Items listed in a dataset

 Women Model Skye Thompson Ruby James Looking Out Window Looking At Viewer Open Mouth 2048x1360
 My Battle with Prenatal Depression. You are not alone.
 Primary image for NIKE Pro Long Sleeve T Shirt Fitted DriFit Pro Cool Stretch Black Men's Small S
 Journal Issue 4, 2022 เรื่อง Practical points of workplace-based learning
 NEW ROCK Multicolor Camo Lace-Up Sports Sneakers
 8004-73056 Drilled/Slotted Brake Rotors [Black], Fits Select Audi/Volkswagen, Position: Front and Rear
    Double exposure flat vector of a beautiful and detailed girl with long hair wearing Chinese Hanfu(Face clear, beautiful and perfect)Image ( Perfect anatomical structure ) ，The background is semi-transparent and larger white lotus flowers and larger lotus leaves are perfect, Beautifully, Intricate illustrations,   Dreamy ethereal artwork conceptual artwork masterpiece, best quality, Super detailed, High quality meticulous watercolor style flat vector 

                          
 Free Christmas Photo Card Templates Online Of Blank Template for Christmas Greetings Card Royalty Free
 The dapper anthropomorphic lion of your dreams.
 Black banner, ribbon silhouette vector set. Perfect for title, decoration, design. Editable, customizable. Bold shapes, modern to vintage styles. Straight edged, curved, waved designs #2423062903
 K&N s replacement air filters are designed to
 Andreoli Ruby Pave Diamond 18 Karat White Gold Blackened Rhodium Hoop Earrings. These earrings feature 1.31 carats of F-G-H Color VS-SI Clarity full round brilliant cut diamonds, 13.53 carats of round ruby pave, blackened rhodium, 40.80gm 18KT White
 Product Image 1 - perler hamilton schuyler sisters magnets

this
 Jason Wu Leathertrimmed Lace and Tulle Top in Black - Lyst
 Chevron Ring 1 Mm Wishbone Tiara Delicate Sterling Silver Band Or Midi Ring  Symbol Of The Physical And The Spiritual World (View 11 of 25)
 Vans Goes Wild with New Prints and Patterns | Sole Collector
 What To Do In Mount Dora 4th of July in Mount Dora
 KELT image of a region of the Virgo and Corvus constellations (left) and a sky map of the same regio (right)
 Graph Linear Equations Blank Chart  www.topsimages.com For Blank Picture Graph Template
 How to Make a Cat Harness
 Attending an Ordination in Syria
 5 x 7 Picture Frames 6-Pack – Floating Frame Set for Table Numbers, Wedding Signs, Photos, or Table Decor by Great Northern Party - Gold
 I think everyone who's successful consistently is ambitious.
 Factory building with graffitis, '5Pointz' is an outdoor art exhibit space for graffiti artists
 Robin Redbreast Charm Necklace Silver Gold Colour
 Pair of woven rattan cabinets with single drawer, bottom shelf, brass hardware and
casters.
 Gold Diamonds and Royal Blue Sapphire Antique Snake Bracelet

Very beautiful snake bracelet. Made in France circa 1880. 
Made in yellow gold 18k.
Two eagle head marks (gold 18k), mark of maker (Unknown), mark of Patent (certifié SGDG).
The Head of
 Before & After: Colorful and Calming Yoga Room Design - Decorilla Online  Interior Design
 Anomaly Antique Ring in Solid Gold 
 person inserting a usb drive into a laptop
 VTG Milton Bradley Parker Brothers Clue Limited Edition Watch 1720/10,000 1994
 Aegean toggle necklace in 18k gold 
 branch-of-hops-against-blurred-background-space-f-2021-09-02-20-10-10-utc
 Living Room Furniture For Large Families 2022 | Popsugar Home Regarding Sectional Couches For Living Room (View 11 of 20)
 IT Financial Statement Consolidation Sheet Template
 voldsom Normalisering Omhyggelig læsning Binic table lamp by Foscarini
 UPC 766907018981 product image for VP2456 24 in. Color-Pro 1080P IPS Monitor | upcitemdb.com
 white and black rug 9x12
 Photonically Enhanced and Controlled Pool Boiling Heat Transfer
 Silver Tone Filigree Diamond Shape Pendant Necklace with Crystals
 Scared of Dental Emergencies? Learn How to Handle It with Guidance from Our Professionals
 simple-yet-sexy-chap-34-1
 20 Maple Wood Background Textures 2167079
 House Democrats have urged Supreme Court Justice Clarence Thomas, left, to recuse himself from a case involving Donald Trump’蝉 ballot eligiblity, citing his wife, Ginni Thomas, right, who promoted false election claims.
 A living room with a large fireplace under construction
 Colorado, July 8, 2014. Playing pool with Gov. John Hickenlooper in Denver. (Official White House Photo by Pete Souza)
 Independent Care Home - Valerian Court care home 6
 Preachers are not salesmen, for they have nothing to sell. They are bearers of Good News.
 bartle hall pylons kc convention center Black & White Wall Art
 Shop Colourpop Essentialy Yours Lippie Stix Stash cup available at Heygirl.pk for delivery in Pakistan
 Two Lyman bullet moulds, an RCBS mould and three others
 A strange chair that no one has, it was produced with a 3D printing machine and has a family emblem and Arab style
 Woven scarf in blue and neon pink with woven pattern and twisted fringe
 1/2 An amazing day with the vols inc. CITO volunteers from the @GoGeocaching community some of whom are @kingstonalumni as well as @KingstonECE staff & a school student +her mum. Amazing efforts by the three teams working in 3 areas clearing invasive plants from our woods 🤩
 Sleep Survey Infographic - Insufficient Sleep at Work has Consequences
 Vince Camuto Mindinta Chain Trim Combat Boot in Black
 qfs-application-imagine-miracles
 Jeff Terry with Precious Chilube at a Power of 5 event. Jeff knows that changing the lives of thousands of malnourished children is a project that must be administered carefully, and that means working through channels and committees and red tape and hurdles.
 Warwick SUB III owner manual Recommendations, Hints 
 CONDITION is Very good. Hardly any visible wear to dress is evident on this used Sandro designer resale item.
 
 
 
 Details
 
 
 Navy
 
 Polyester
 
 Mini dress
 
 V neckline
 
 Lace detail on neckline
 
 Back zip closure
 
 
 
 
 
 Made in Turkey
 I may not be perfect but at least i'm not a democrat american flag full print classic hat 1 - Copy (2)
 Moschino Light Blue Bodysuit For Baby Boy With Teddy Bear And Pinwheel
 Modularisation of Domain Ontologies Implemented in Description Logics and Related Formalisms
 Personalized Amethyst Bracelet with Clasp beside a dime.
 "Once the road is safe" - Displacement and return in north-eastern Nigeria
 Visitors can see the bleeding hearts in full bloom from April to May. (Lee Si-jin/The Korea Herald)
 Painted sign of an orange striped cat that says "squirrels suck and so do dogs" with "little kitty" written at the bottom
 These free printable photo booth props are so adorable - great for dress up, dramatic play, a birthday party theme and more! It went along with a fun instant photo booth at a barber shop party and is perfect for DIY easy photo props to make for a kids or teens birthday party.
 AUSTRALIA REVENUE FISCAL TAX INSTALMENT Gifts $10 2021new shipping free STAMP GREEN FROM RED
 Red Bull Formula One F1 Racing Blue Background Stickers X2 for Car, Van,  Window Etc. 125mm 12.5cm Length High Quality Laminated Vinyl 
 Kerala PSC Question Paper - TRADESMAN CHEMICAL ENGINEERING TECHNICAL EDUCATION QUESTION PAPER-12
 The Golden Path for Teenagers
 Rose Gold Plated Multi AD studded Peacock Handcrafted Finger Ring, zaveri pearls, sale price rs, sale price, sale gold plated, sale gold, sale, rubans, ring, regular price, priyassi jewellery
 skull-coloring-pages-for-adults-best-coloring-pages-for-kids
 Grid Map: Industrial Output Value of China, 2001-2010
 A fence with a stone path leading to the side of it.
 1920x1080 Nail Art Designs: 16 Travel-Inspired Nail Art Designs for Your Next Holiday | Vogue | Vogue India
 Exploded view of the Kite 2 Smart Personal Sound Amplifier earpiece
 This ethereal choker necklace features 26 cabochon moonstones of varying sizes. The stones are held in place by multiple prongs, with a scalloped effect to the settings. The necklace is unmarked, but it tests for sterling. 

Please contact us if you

--- TASK DETAILS ---
Give back every entry above, complete and exact.

--- EXPECTED OUTPUT ---
 Women Model Skye Thompson Ruby James Looking Out Window Looking At Viewer Open Mouth 2048x1360
 My Battle with Prenatal Depression. You are not alone.
 Primary image for NIKE Pro Long Sleeve T Shirt Fitted DriFit Pro Cool Stretch Black Men's Small S
 Journal Issue 4, 2022 เรื่อง Practical points of workplace-based learning
 NEW ROCK Multicolor Camo Lace-Up Sports Sneakers
 8004-73056 Drilled/Slotted Brake Rotors [Black], Fits Select Audi/Volkswagen, Position: Front and Rear
    Double exposure flat vector of a beautiful and detailed girl with long hair wearing Chinese Hanfu(Face clear, beautiful and perfect)Image ( Perfect anatomical structure ) ，The background is semi-transparent and larger white lotus flowers and larger lotus leaves are perfect, Beautifully, Intricate illustrations,   Dreamy ethereal artwork conceptual artwork masterpiece, best quality, Super detailed, High quality meticulous watercolor style flat vector 

                          
 Free Christmas Photo Card Templates Online Of Blank Template for Christmas Greetings Card Royalty Free
 The dapper anthropomorphic lion of your dreams.
 Black banner, ribbon silhouette vector set. Perfect for title, decoration, design. Editable, customizable. Bold shapes, modern to vintage styles. Straight edged, curved, waved designs #2423062903
 K&N s replacement air filters are designed to
 Andreoli Ruby Pave Diamond 18 Karat White Gold Blackened Rhodium Hoop Earrings. These earrings feature 1.31 carats of F-G-H Color VS-SI Clarity full round brilliant cut diamonds, 13.53 carats of round ruby pave, blackened rhodium, 40.80gm 18KT White
 Product Image 1 - perler hamilton schuyler sisters magnets

this
 Jason Wu Leathertrimmed Lace and Tulle Top in Black - Lyst
 Chevron Ring 1 Mm Wishbone Tiara Delicate Sterling Silver Band Or Midi Ring  Symbol Of The Physical And The Spiritual World (View 11 of 25)
 Vans Goes Wild with New Prints and Patterns | Sole Collector
 What To Do In Mount Dora 4th of July in Mount Dora
 KELT image of a region of the Virgo and Corvus constellations (left) and a sky map of the same regio (right)
 Graph Linear Equations Blank Chart  www.topsimages.com For Blank Picture Graph Template
 How to Make a Cat Harness
 Attending an Ordination in Syria
 5 x 7 Picture Frames 6-Pack – Floating Frame Set for Table Numbers, Wedding Signs, Photos, or Table Decor by Great Northern Party - Gold
 I think everyone who's successful consistently is ambitious.
 Factory building with graffitis, '5Pointz' is an outdoor art exhibit space for graffiti artists
 Robin Redbreast Charm Necklace Silver Gold Colour
 Pair of woven rattan cabinets with single drawer, bottom shelf, brass hardware and
casters.
 Gold Diamonds and Royal Blue Sapphire Antique Snake Bracelet

Very beautiful snake bracelet. Made in France circa 1880. 
Made in yellow gold 18k.
Two eagle head marks (gold 18k), mark of maker (Unknown), mark of Patent (certifié SGDG).
The Head of
 Before & After: Colorful and Calming Yoga Room Design - Decorilla Online  Interior Design
 Anomaly Antique Ring in Solid Gold 
 person inserting a usb drive into a laptop
 VTG Milton Bradley Parker Brothers Clue Limited Edition Watch 1720/10,000 1994
 Aegean toggle necklace in 18k gold 
 branch-of-hops-against-blurred-background-space-f-2021-09-02-20-10-10-utc
 Living Room Furniture For Large Families 2022 | Popsugar Home Regarding Sectional Couches For Living Room (View 11 of 20)
 IT Financial Statement Consolidation Sheet Template
 voldsom Normalisering Omhyggelig læsning Binic table lamp by Foscarini
 UPC 766907018981 product image for VP2456 24 in. Color-Pro 1080P IPS Monitor | upcitemdb.com
 white and black rug 9x12
 Photonically Enhanced and Controlled Pool Boiling Heat Transfer
 Silver Tone Filigree Diamond Shape Pendant Necklace with Crystals
 Scared of Dental Emergencies? Learn How to Handle It with Guidance from Our Professionals
 simple-yet-sexy-chap-34-1
 20 Maple Wood Background Textures 2167079
 House Democrats have urged Supreme Court Justice Clarence Thomas, left, to recuse himself from a case involving Donald Trump’蝉 ballot eligiblity, citing his wife, Ginni Thomas, right, who promoted false election claims.
 A living room with a large fireplace under construction
 Colorado, July 8, 2014. Playing pool with Gov. John Hickenlooper in Denver. (Official White House Photo by Pete Souza)
 Independent Care Home - Valerian Court care home 6
 Preachers are not salesmen, for they have nothing to sell. They are bearers of Good News.
 bartle hall pylons kc convention center Black & White Wall Art
 Shop Colourpop Essentialy Yours Lippie Stix Stash cup available at Heygirl.pk for delivery in Pakistan
 Two Lyman bullet moulds, an RCBS mould and three others
 A strange chair that no one has, it was produced with a 3D printing machine and has a family emblem and Arab style
 Woven scarf in blue and neon pink with woven pattern and twisted fringe
 1/2 An amazing day with the vols inc. CITO volunteers from the @GoGeocaching community some of whom are @kingstonalumni as well as @KingstonECE staff & a school student +her mum. Amazing efforts by the three teams working in 3 areas clearing invasive plants from our woods 🤩
 Sleep Survey Infographic - Insufficient Sleep at Work has Consequences
 Vince Camuto Mindinta Chain Trim Combat Boot in Black
 qfs-application-imagine-miracles
 Jeff Terry with Precious Chilube at a Power of 5 event. Jeff knows that changing the lives of thousands of malnourished children is a project that must be administered carefully, and that means working through channels and committees and red tape and hurdles.
 Warwick SUB III owner manual Recommendations, Hints 
 CONDITION is Very good. Hardly any visible wear to dress is evident on this used Sandro designer resale item.
 
 
 
 Details
 
 
 Navy
 
 Polyester
 
 Mini dress
 
 V neckline
 
 Lace detail on neckline
 
 Back zip closure
 
 
 
 
 
 Made in Turkey
 I may not be perfect but at least i'm not a democrat american flag full print classic hat 1 - Copy (2)
 Moschino Light Blue Bodysuit For Baby Boy With Teddy Bear And Pinwheel
 Modularisation of Domain Ontologies Implemented in Description Logics and Related Formalisms
 Personalized Amethyst Bracelet with Clasp beside a dime.
 "Once the road is safe" - Displacement and return in north-eastern Nigeria
 Visitors can see the bleeding hearts in full bloom from April to May. (Lee Si-jin/The Korea Herald)
 Painted sign of an orange striped cat that says "squirrels suck and so do dogs" with "little kitty" written at the bottom
 These free printable photo booth props are so adorable - great for dress up, dramatic play, a birthday party theme and more! It went along with a fun instant photo booth at a barber shop party and is perfect for DIY easy photo props to make for a kids or teens birthday party.
 AUSTRALIA REVENUE FISCAL TAX INSTALMENT Gifts $10 2021new shipping free STAMP GREEN FROM RED
 Red Bull Formula One F1 Racing Blue Background Stickers X2 for Car, Van,  Window Etc. 125mm 12.5cm Length High Quality Laminated Vinyl 
 Kerala PSC Question Paper - TRADESMAN CHEMICAL ENGINEERING TECHNICAL EDUCATION QUESTION PAPER-12
 The Golden Path for Teenagers
 Rose Gold Plated Multi AD studded Peacock Handcrafted Finger Ring, zaveri pearls, sale price rs, sale price, sale gold plated, sale gold, sale, rubans, ring, regular price, priyassi jewellery
 skull-coloring-pages-for-adults-best-coloring-pages-for-kids
 Grid Map: Industrial Output Value of China, 2001-2010
 A fence with a stone path leading to the side of it.
 1920x1080 Nail Art Designs: 16 Travel-Inspired Nail Art Designs for Your Next Holiday | Vogue | Vogue India
 Exploded view of the Kite 2 Smart Personal Sound Amplifier earpiece
 This ethereal choker necklace features 26 cabochon moonstones of varying sizes. The stones are held in place by multiple prongs, with a scalloped effect to the settings. The necklace is unmarked, but it tests for sterling. 

Please contact us if you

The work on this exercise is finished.